Domenica il quotidiano francese Le Figaro ha fatto uscire un’indiscrezione velenosa: da tre settimane sarebbero in corso colloqui backchannel (ossia non ufficiali) tra funzionari americani e iraniani per il rientro degli Stati Uniti nell’accordo sul congelamento del programma nucleare di Teheran, il Jcpoa. Gli incontri stanno avvenendo a New York – dove si trova il Palazzo di Vetro dell’Onu, istituzione parte in causa dell’accordo firmato oltre che dall’Iran e dagli Usa, da Francia, Regno Unito, Cina e Russia, ossia dai membri del Consiglio di Sicurezza delle Nazioni Unite (tant’è che il meccanismo di negoziazione arrivato alla stesura dell’intesa nel 2015 si chiamava 5+1, dove era inserita anche la Germania nelle vesti di rappresentate dell’Unione europea).

In un’intervista su Repubblica il viceministro degli Esteri iraniano, Abbas Araghchi, ha negato qualsiasi genere di colloquio in corso. Domanda del giornalista Vincenzo Nigro: “Avete iniziato ad avere contatti riservati con la nuova amministrazione?”. Risposta del viceministro iraniano: “No, non abbiamo avviato nulla e non abbiamo nessuna intenzione di farlo. Chiaramente, attendiamo che entrino pienamente in servizio e inizino a ragionare su come fare le loro scelte”.

Le Figaro non indica chi parla con gli iraniani, ma scrive che si tratta di un inviato “della nuova amministrazione” statunitense guidata dal democratico Joe Biden, che ha già espresso l’intenzione di tornare al tavolo negoziale con la Repubblica islamica. O almeno lavorare per conto di. All’esatto opposto, il suo predecessore Donald Trump ha guidato non solo l’uscita unilaterale statunitense dal Jcpoa – maggio 2018 – ma ha anche avviato contro l’Iran quella che è stata definita la “massima pressione”, una serie di misure volta a sfiancare quello che viene considerato il principale nemico americano in Medio Oriente. L’amministrazione Biden per ora non ha commentato la vicenda, di cui aveva parlato anche l’israeliano Channel 12 a metà mese.
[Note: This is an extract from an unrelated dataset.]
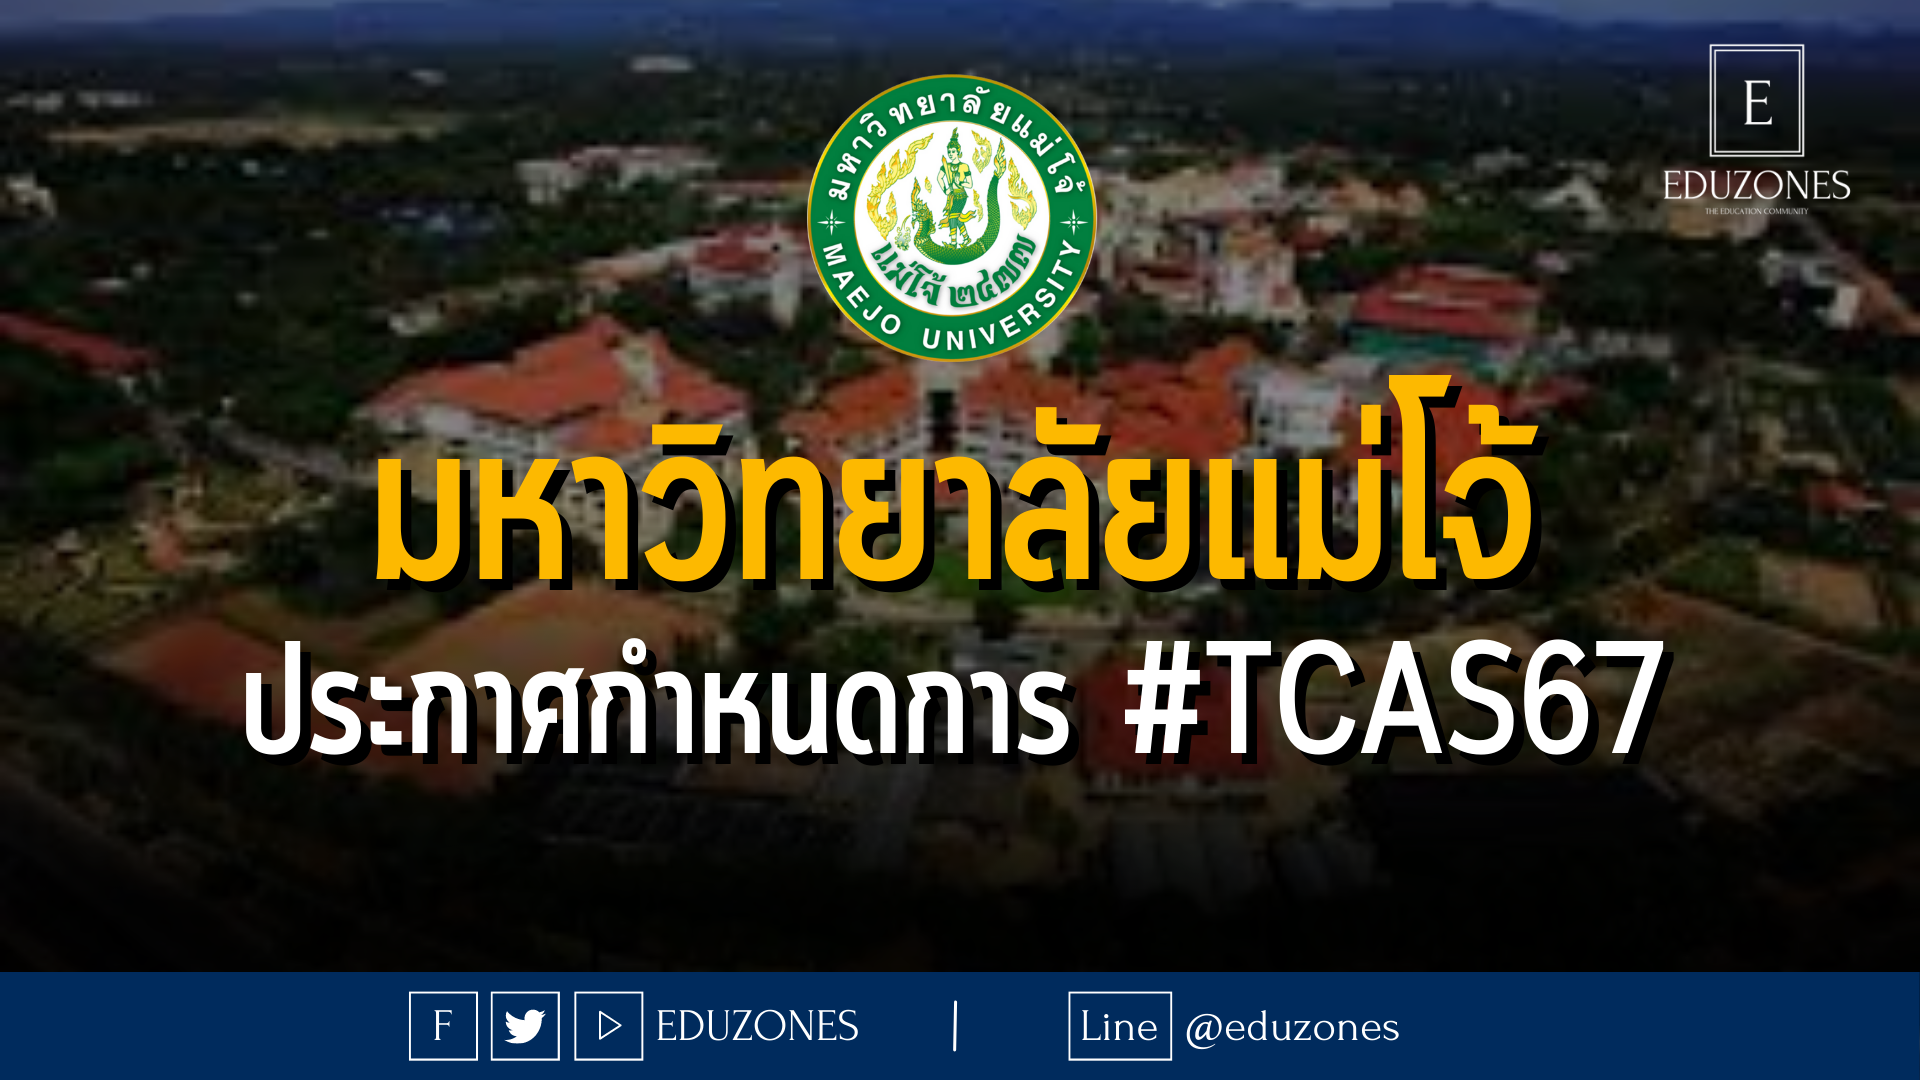 มหาวิทยาลัยแม่โจ้ ประกาศกำหนดการ #TCAS67

Nel caso del canale israeliano, passare l’informazione poteva servire a informare in modo (in)discreto Washington sul fatto che Tel Aviv era a conoscenza di certe attività – non un fatto eccezionale d’altronde. Ma nel caso del quotidiano francese, chi ha passato l’informazione ? E perché ? La Francia ai tempi del negoziato condotto dall’allora amministrazione Obama ha più volte giocato il ruolo del poliziotto cattivo, molto critico con Teheran, poi successivamente davanti all’uscita trumpiana dal deal aveva usato la questione come uno dei terreni in cui l’Europa – rappresentata dai cosiddetti E3 nell’accordo – avrebbe dovuto dimostrarsi in grado di muoversi in autonomia per privilegiare la propria sovranità strategica. Questione che recentemente ha visto Emmanuel Macron in attacco.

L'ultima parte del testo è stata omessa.